The norms will be valid for electric two-wheelers, three-wheelers, quadricycles and cars.
Business Today TV was the first to report on September 20 that the government is likely to give more time to EV Players to implement the standards.
The EV industry has been requesting an extension of the timeline, Road Transport Minister Nitin Gadkari had also met EV players last week.
"While the majority of the required parameters are easily met, some new requirements have been added in the new amendment that necessitates battery design changes. The design and development and rigorous testing of these changes are required to ensure effective implementation. Hence, it is imperative to have some bandwidth in terms of timelines to execute the changes. Therefore, the EV industry seeks a humble extension from the government to allow us to execute the changes. A phased implementation timeframe can be looked at jointly with the testing agencies and the ministry too," Sohinder Gill, Director General, Society of Manufacturers of Electric Vehicles (SMEV), and CEO, Hero Electric had earlier told Business Today TV.

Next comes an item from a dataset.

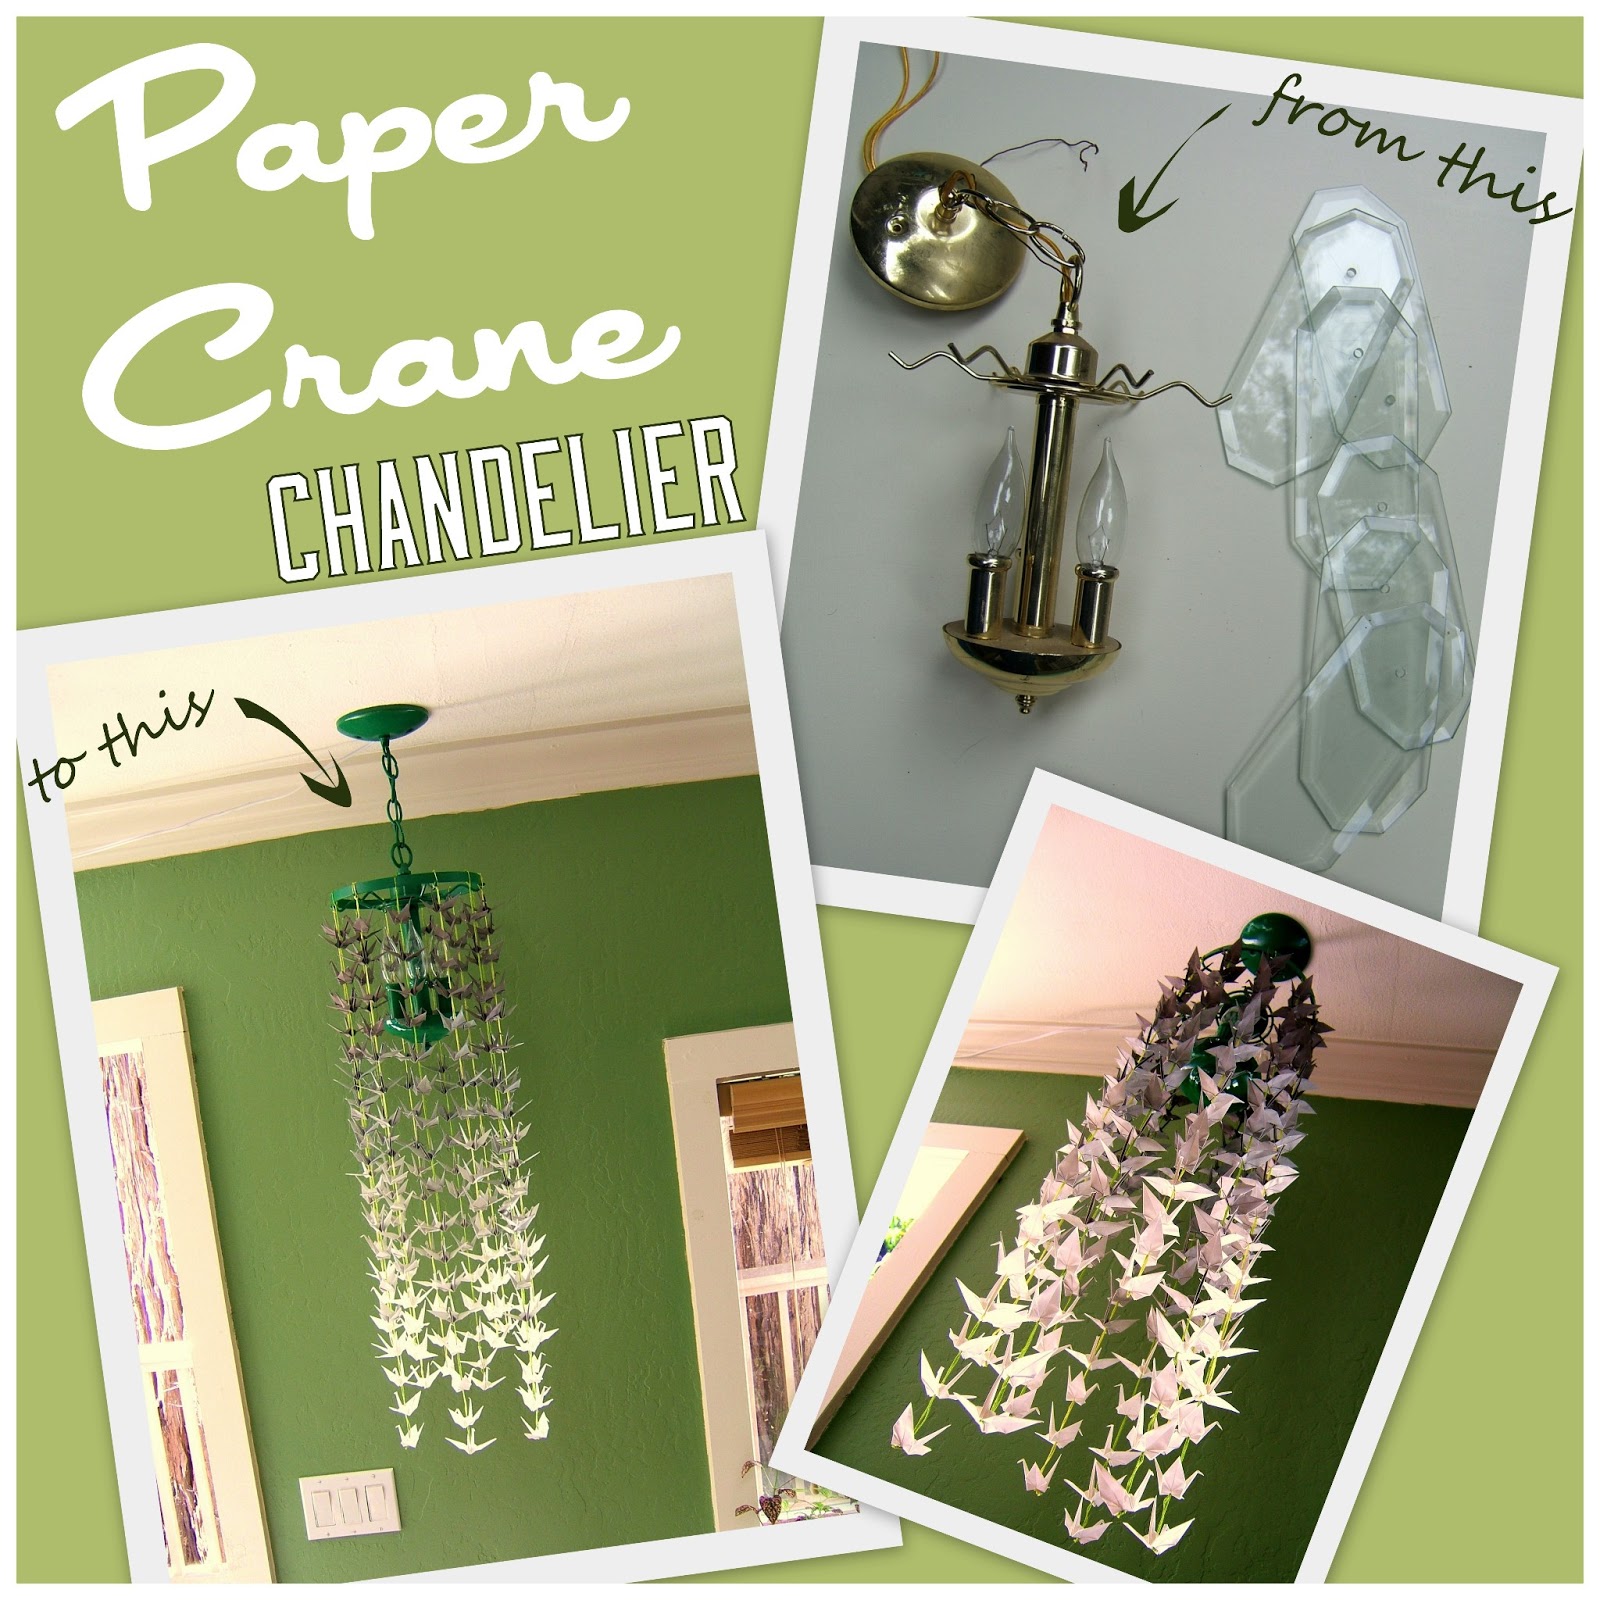 How To Tuesday – Hanging Bat Chandelier – My Paper Crane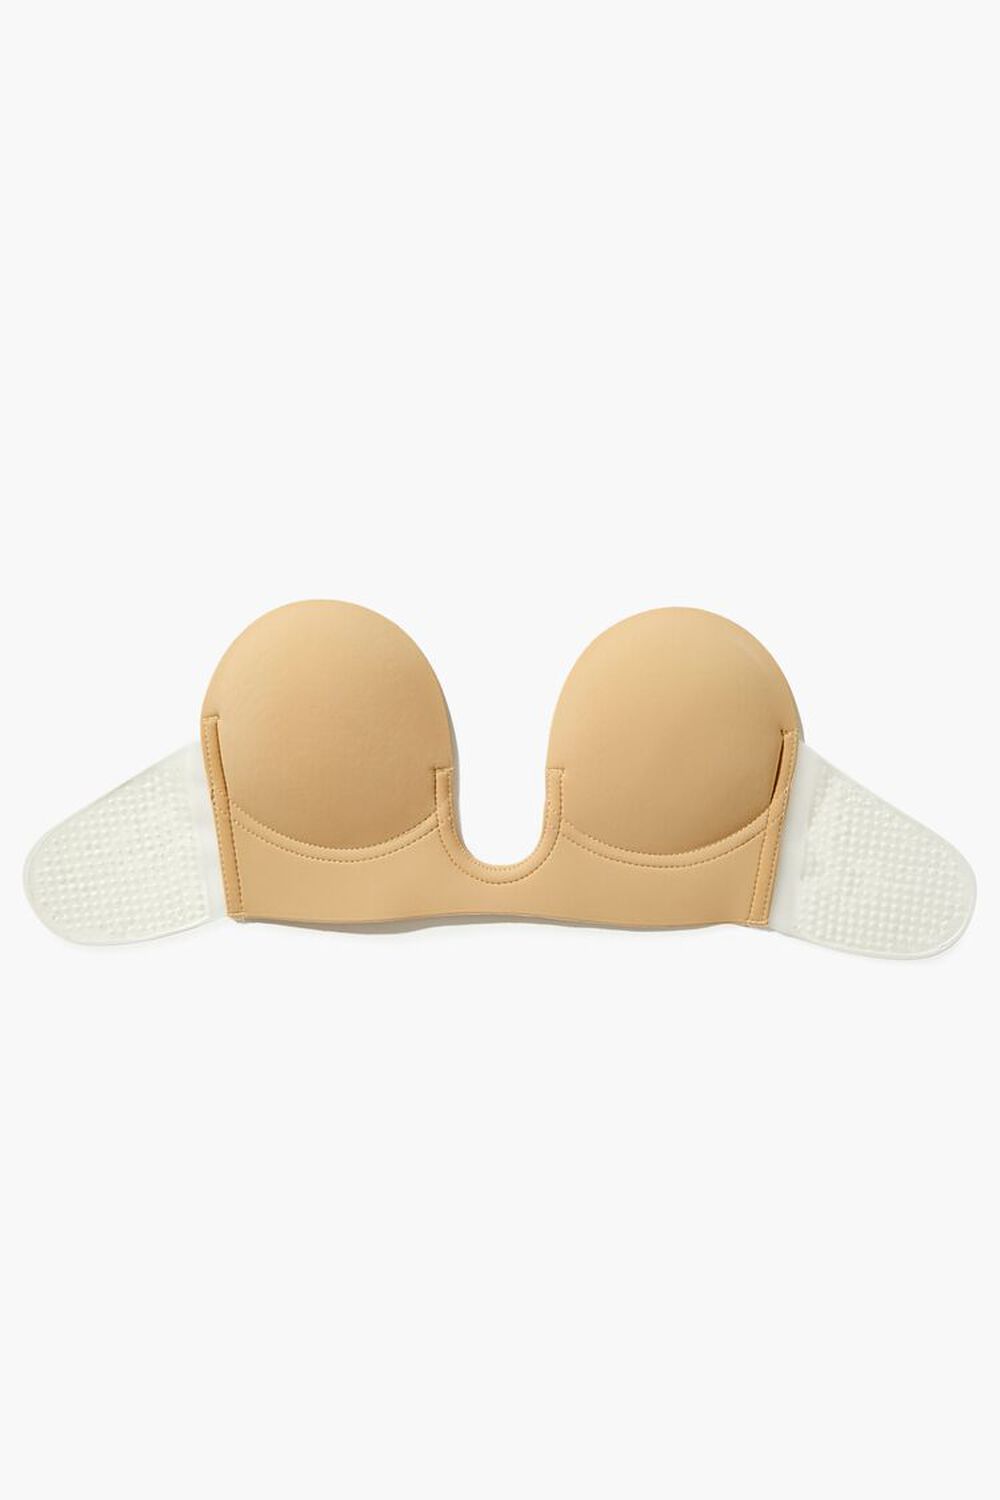 NUDE Reusable Plunging Strapless Bra, image 1

Akshay Singhal, Founder & CEO at Log9 Materials, had earlier said, "The last six months have proven why we need to perfect our products and technologies specific to local operating conditions before they reach our customers. From rethinking our choice of cell chemistries to revamping BMS and battery architecture, the industry needs time to create a fail-proof system so that we never have to confront the issue of EV safety again. Haste in this matter will again create long-term issues."